Evaluating the Application of Regular Grammars for Bulgarian Verb Forms
Some Preliminary Evaluation of the Grammar Application
The application of Recognizer 2 enables correct delimitation and markup of the majority of the longest compound verb form patterns. Experiments with a newspaper corpus reveal that chunks identified by Recognizer 1 are often adjacent within the longest compound verb form patterns in communicatively unmarked written prose. The paradigmatic representation of word order within the verb complex, considering the “communicative organization of Bulgarian sentences” as outlined in Avgustinova 1997 Building a Two-Level Grammar, supports this conclusion.
Here are numerical insights into the application of the regular grammars
In a 4292-word text, Recognizer 1 identifies 536 occurrences of main verbs with or without small words, 164 occurrences of auxiliary verbs with or without small words, and 5 occurrences of small word groups recognized as a separate chunk.

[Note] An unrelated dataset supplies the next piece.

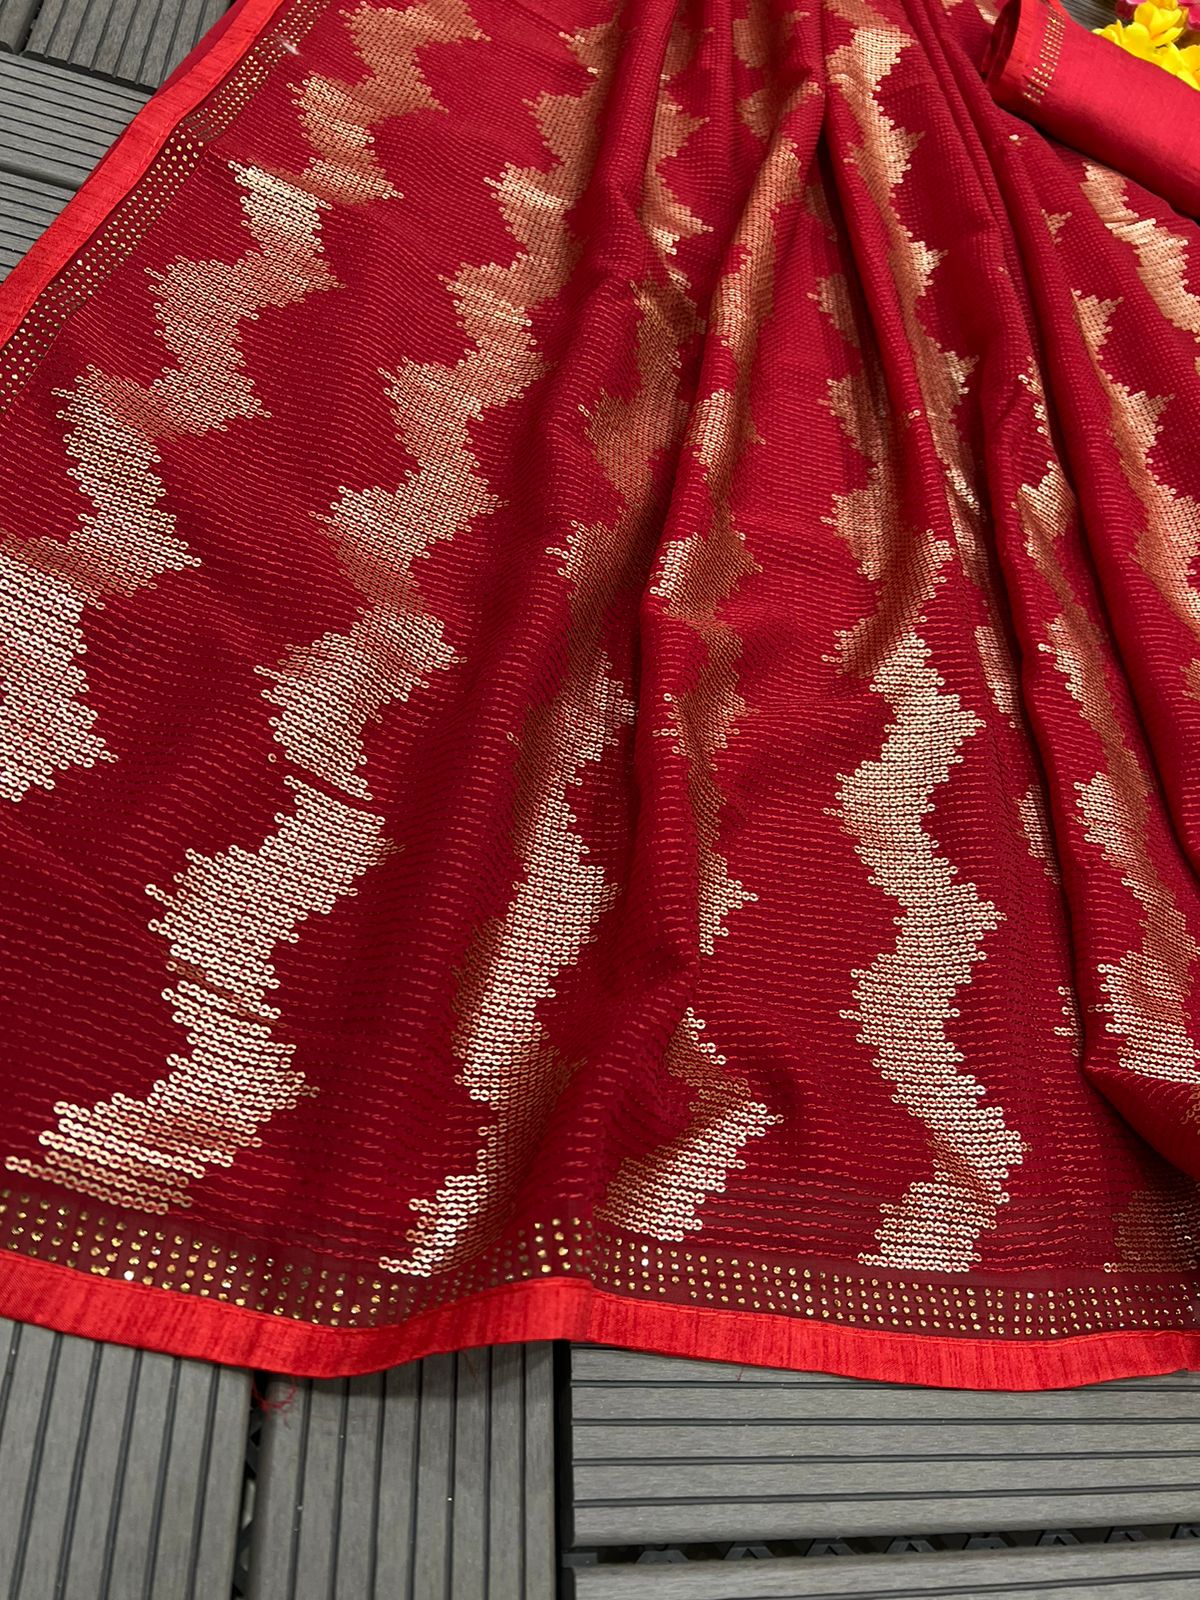 Occasion Wear Red Color Beautiful Work Saree
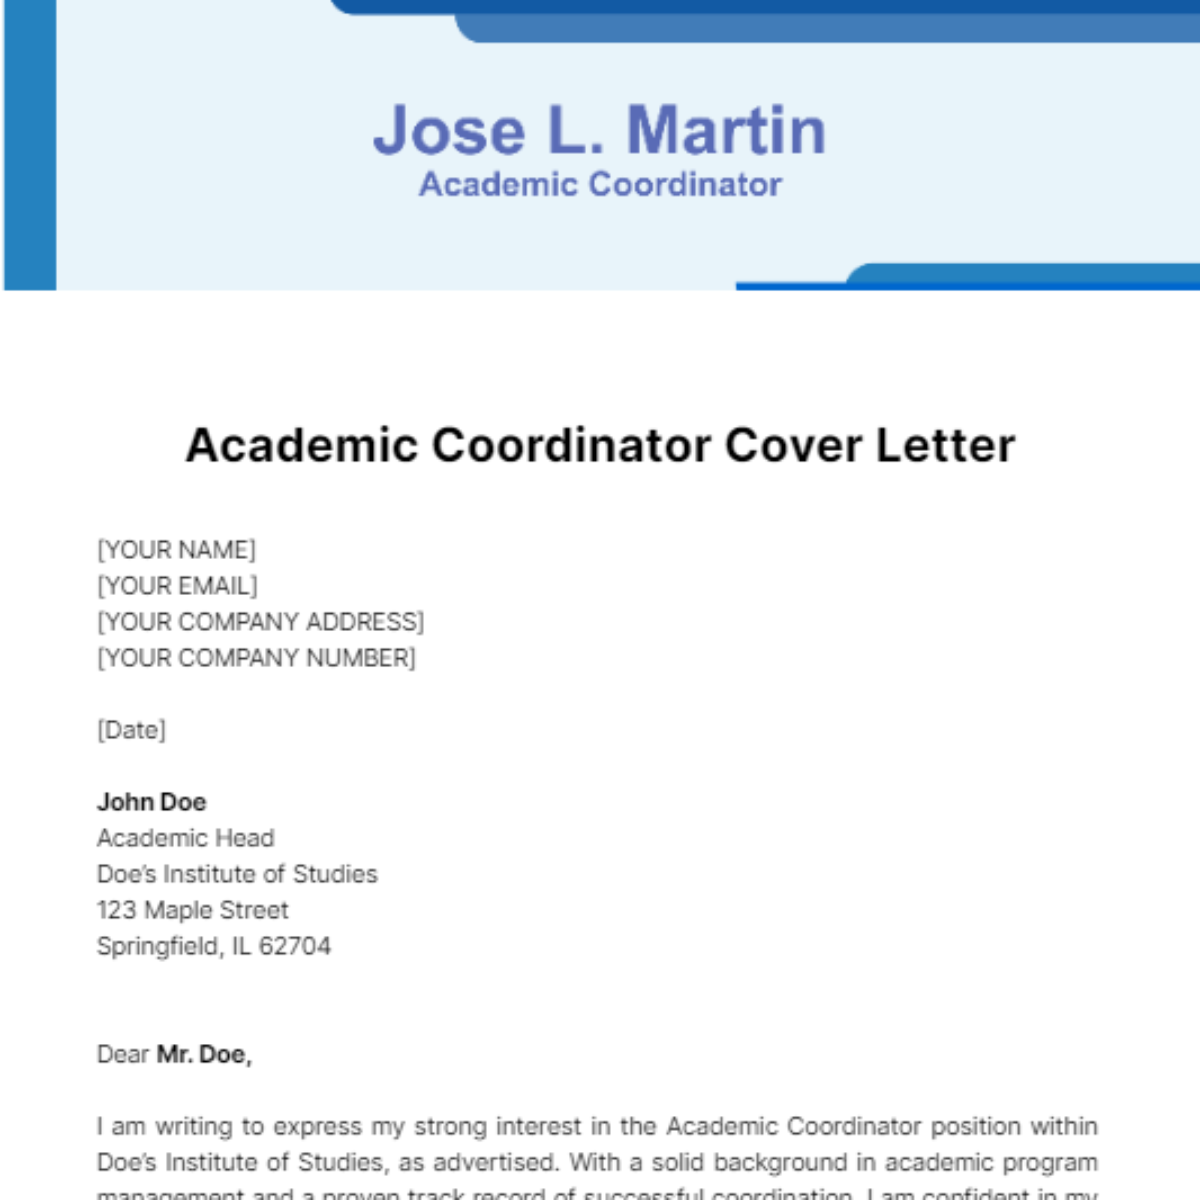 Academic Coordinator Cover Letter Template

Recognizer 2 recognizes 77 compound verb forms as longest matches. Notably, the current grammar doesn’t identify the combination between the copula and primary predicatives as a pattern to be recognized; they remain separate entities. Manual evaluation of the 77 occurrences revealed one erroneous identification, where the verbal part of a subordinate clause was incorrectly combined into a verb complex with a preceding copula. The grammar faces challenges in cases of discontinuous compound verb forms Bulgaria Private Tours Kazanlak.
The results across different types of segments remain relatively consistent in various text documents, indicating the preservation of occurrence ratios.
The initial phase of grammar development for parsing compound verb forms offers valuable insights for subsequent phases. Several conclusions are drawn, serving as a foundation for further grammar development.